Veteranenhändler Peter Brandt sagt 37-%-Bitcoin-Korrektur voraus

Peter Brandt hat prognostiziert, dass Bitcoin (BTC) auf zwischen 58.000 und 62.000 US‑Dollar fallen könnte – ein potenzieller Rückgang von 33 % bis 37 % gegenüber den aktuellen Kursen nahe 92.400 US‑Dollar, da mehrere technische Indikatoren und historische Muster auf ein gestiegenes Abwärtsrisiko hindeuten.

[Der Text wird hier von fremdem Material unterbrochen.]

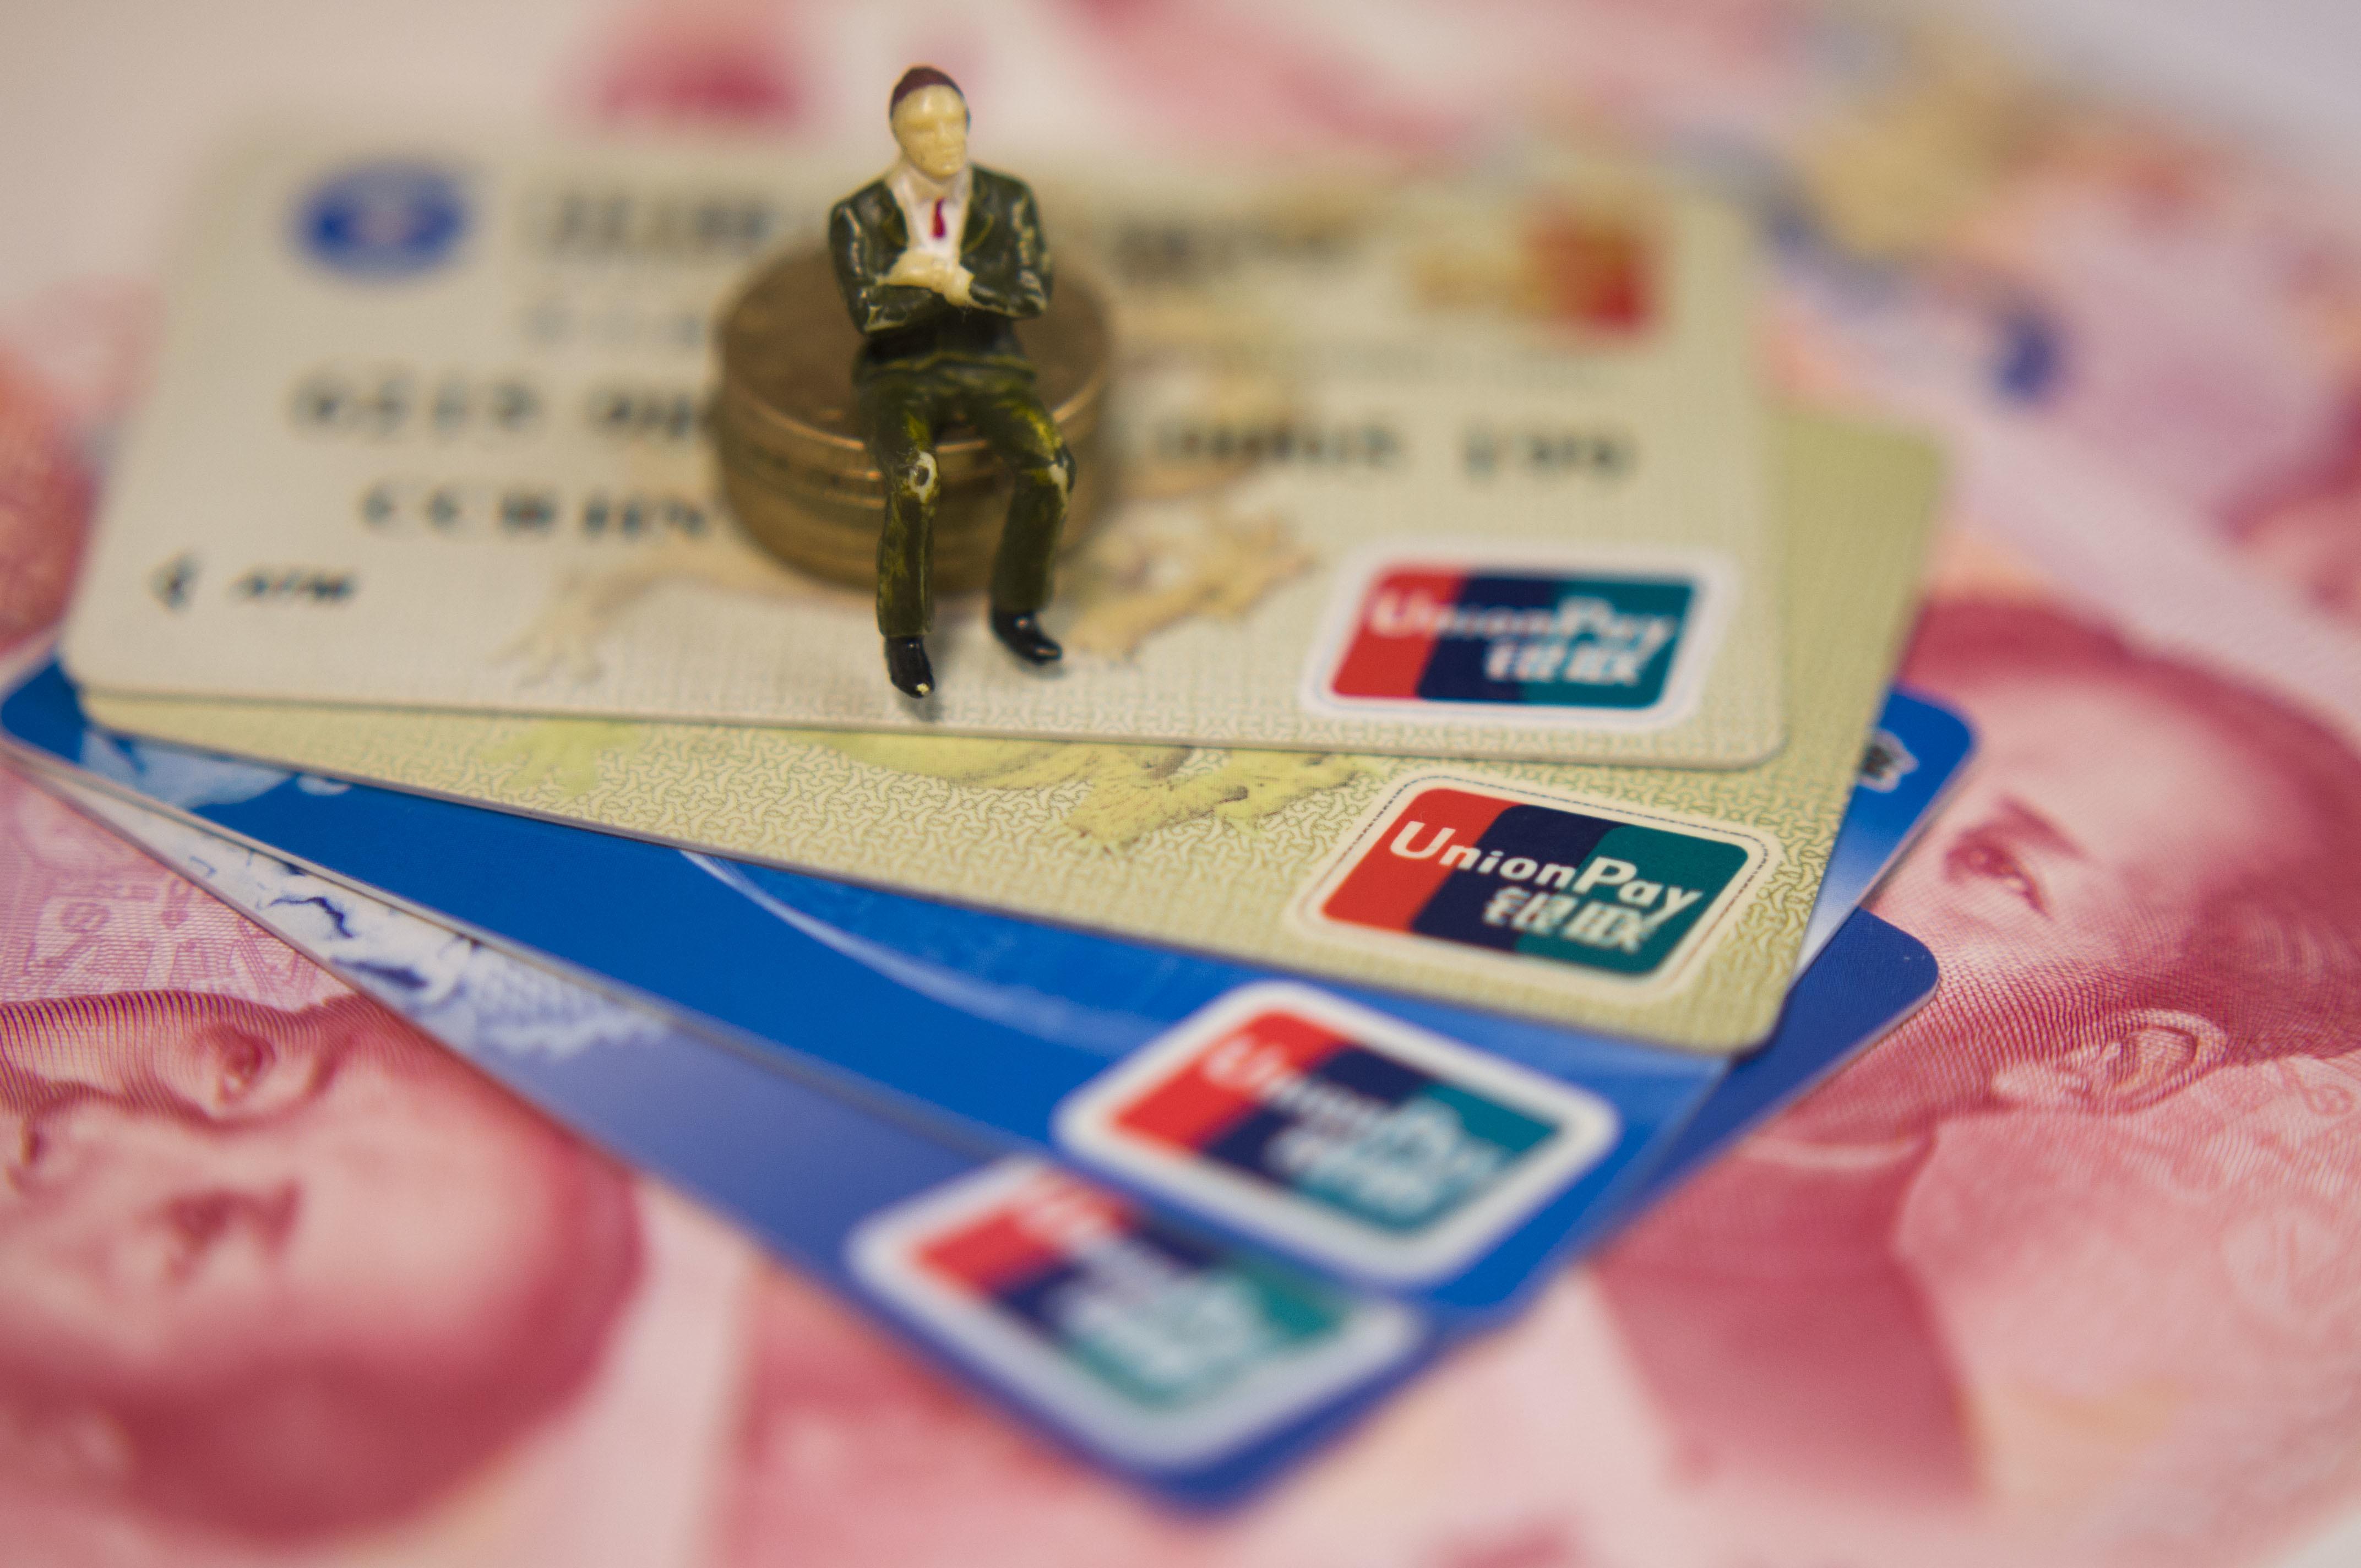 2019年各行信用卡分期还款手续费汇总比较,哪家银行最优惠?

Was passiert ist: Steigendes Keilmuster löst bärische Prognose aus

Brandt veröffentlichte seine Analyse auf X und verwies auf eine steigende Keilformation, die sich in den vergangenen zwei Monaten entwickelt hat. „58k bis 62k ist, wohin ich denke, dass BTC geht“, schrieb er.

Steigende Keilmuster bilden sich, wenn sich die Kurse zwischen zwei aufwärtsgerichteten, konvergierenden Trendlinien konsolidieren.

Die untere Linie steigt in der Regel steiler als die obere und signalisiert häufig eine nachlassende Dynamik.

Unabhängig davon berichtete die Blockchain-Analyseplattform Lookonchain reported, dass ein seit Langem inaktiver Bitcoin‑Wal 909,38 BTC im Wert von rund 84,62 Millionen US‑Dollar nach 13 Jahren Inaktivität in ein neues Wallet verschoben hat.

Ein weiterer früher Investor, der vor 12 Jahren 5.000 BTC zu je 332 US‑Dollar erworben hatte, hat 500 BTC im Wert von 47,77 Millionen US‑Dollar verkauft und damit ein Muster systematischer Verkäufe fortgesetzt, das im Dezember 2024 begonnen hat.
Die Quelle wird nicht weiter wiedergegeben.